3.2.2 Generate records
fuzzyjoin-hadoop$ hadoop jar target/fuzzyjoin-hadoop-0.0.2.jar \ recordbuild -conf src/main/resources/fuzzyjoin/dblp.quickstart.xml
This job assigns unique record-IDs to each record. The RIDs are integers and are appended in front of each record. After this job, each record contains five fields: RID, DBLP id, title, authors, other information.
3.2.3 Balance records across nodes
fuzzyjoin-hadoop$ hadoop jar target/fuzzyjoin-hadoop-0.0.2.jar \ recordbalance -conf src/main/resources/fuzzyjoin/dblp.quickstart.xml
To skip this step, run:
fuzzyjoin-hadoop$ hadoop fs -mv \ dblp-small/recordsbulk-000 dblp-small/records-000
3.2.4 Run set-similarity self-join
fuzzyjoin-hadoop$ hadoop jar target/fuzzyjoin-hadoop-0.0.2.jar \ fuzzyjoin -conf src/main/resources/fuzzyjoin/dblp.quickstart.xml
This will run the three stages required to do fuzzy joins: token ordering (Tokens), kernel (RIDPairs), and record join (RecordPairs). It will use the basic alternative for each stage. In total it will run five Hadoop jobs (TokensBasic.phase1, TokenBasic.phase2, RIDPairsImproved, RecordPairsBasic.phase1, RecordPairsBasic.phase2).
Each stage can be run separately using different alternatives by
replacing fuzzyjoin in the above command with the name of the stage
and the alternative. For example, to run the one-phase token ordering
(TokensImproved), type:
fuzzyjoin-hadoop$ hadoop jar target/fuzzyjoin-hadoop-0.0.2.jar \ tokensimproved -conf src/main/resources/fuzzyjoin/dblp.quickstart.xml
To get the list with all the available stages and alternatives, type:
fuzzyjoin-hadoop$ hadoop jar target/fuzzyjoin-hadoop-0.0.2.jar
To see the results, type:
fuzzyjoin-hadoop$ hadoop fs -cat "dblp-small/recordpairs-000/part-*"
Each line contains a pair of records that fuzzy join and their
similarity. The format of the line is record 1;threshold;record2,
where record1 and record2 have the same format as described in
step 3.
3.3 R-S join
Here are the steps to perform a join between a small sample of the DBLP dataset and a small sample of the CITESEERX dataset. We use 100 DBLP entries and 100 CITESEERX entries, title and authors as the join attributes, Jaccard similarity and a 0.5 similarity threshold.
3.3.1 Upload raw data
fuzzyjoin-hadoop$ hadoop fs -put \ ../data/pub-small/raw.dblp-000 pub-small/raw.dblp-000 fuzzyjoin-hadoop$ hadoop fs -put \ ../data/pub-small/raw.csx-000 pub-small/raw.csx-000
The raw directory contains two files, one for each dataset.
3.3.2 Generate records
fuzzyjoin-hadoop$ hadoop jar target/fuzzyjoin-hadoop-0.0.2.jar \ recordbuild -conf src/main/resources/fuzzyjoin/pub.quickstart.xml \ -Dfuzzyjoin.data.suffix.input=dblp fuzzyjoin-hadoop$ hadoop jar target/fuzzyjoin-hadoop-0.0.2.jar \ recordbuild -conf src/main/resources/fuzzyjoin/pub.quickstart.xml \ -Dfuzzyjoin.data.suffix.input=csx
Each job generates records for one of the datasets.

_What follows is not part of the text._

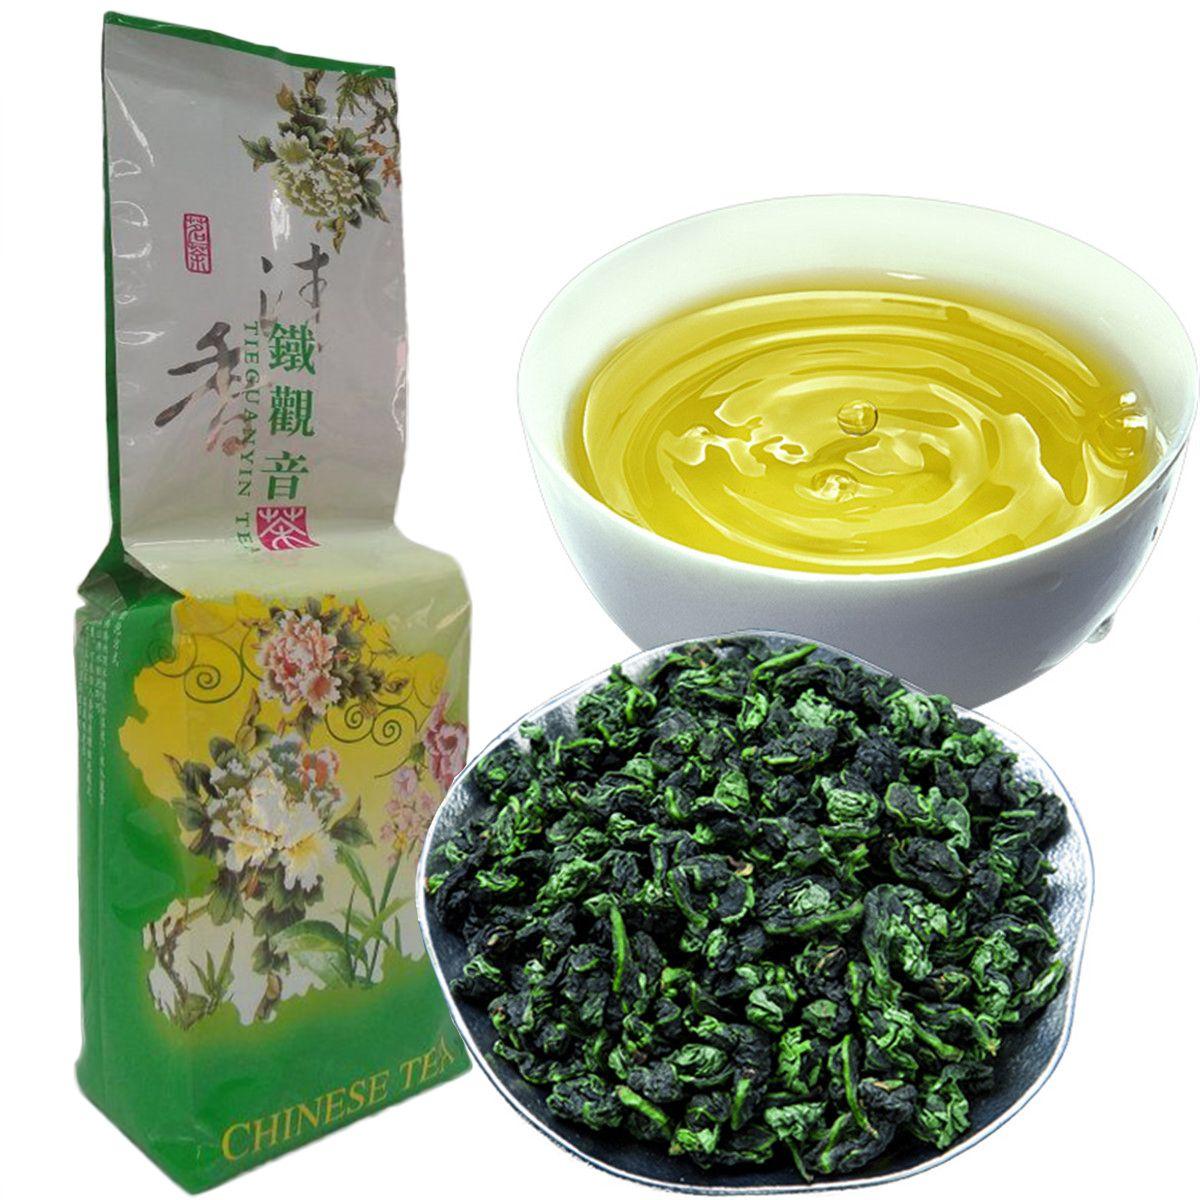 250g Promotion Vakuum Förpackning Premium Doftande Typ Traditionell Kinesisk Mjölk Oolong Te Tikuanyin Grön Te Hälsovård Tieguanyin Tea

3.3.3 Balance records across nodes
fuzzyjoin-hadoop$ hadoop jar target/fuzzyjoin-hadoop-0.0.2.jar \ recordbalance -conf src/main/resources/fuzzyjoin/pub.quickstart.xml \ -Dfuzzyjoin.data.suffix.input=dblp fuzzyjoin-hadoop$ hadoop jar target/fuzzyjoin-hadoop-0.0.2.jar \ recordbalance -conf src/main/resources/fuzzyjoin/pub.quickstart.xml \ -Dfuzzyjoin.data.suffix.input=csx
To skip this step, run:
fuzzyjoin-hadoop$ hadoop fs -mv \ pub-small/recordsbulk.dblp-000 pub-small/records.dblp-000 fuzzyjoin-hadoop$ hadoop fs -mv \ pub-small/recordsbulk.csx-000 pub-small/records.csx-000
3.3.4 Run set-similarity join
fuzzyjoin-hadoop$ hadoop jar target/fuzzyjoin-hadoop-0.0.2.jar \ fuzzyjoin -conf src/main/resources/fuzzyjoin/pub.quickstart.xml
To see the results, type:
fuzzyjoin-hadoop$ hadoop fs -cat "pub-small/recordpairs-000/part-*"

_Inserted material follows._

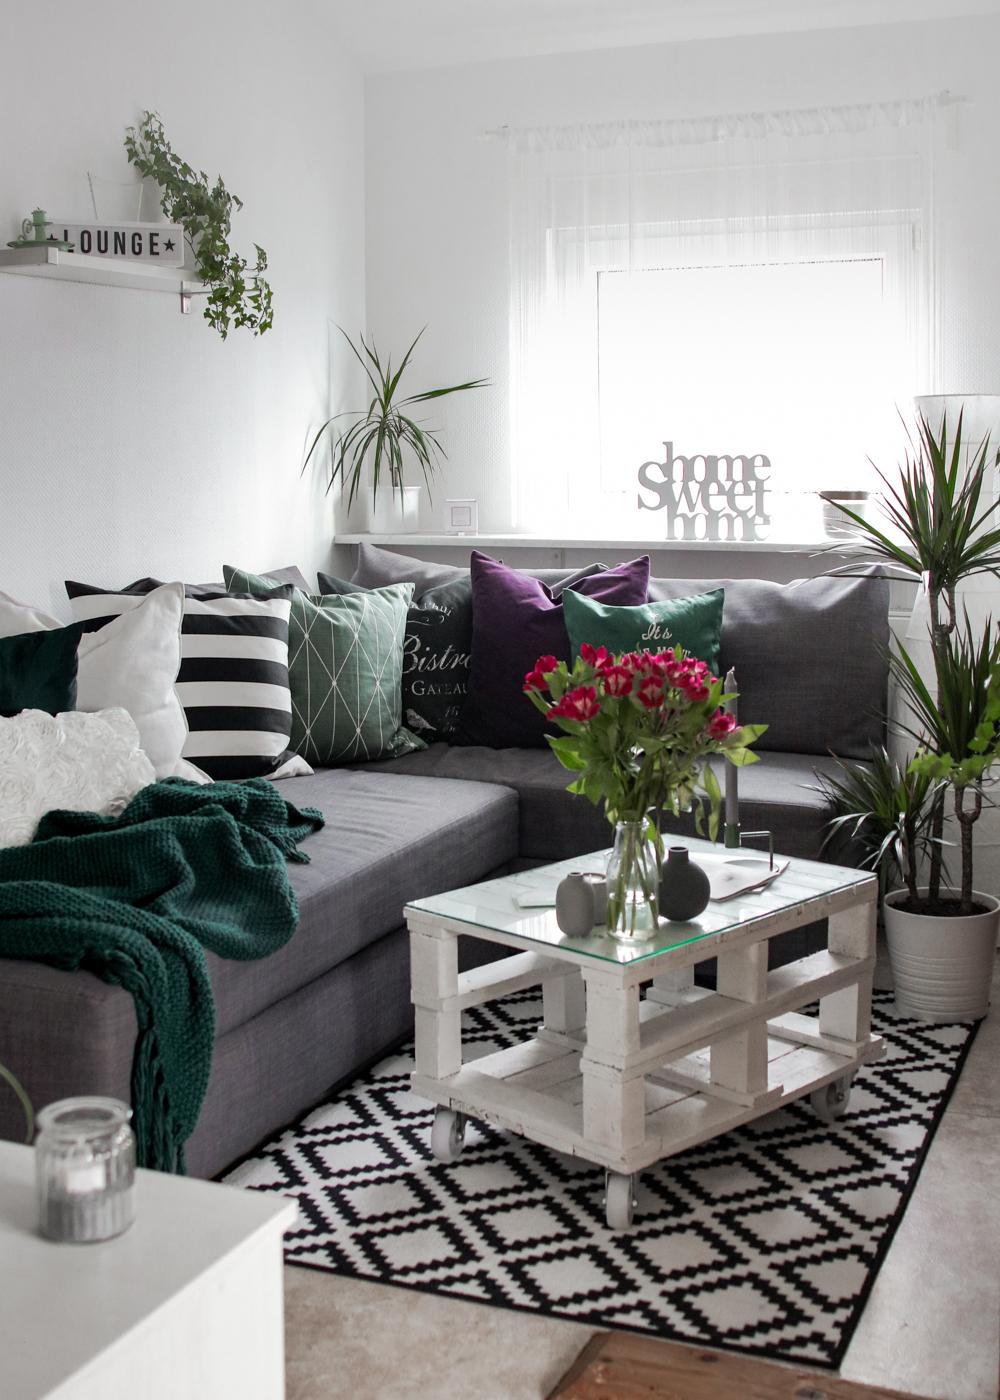 Wohnzimmer Einrichtung lila gruen Deko Kissen Vasen Couchtisch aus

Each line contains a pair of records that fuzzy join and their
similarity. The format of the line is
record-DBLP;threshold;record-CITESEERX, where record-DBLP and
record-CITESEERX have the same format as described in the self-join
case.
4 Configuration
The XML files provided with the -conf argument above contain various
configuration parameters. Using the configuration parameters, a user
can specify the location of the data, the similarity function and
threshold, the join attributes and other settings. Moreover the user
can specify additional parameters in the command line using the -D
option.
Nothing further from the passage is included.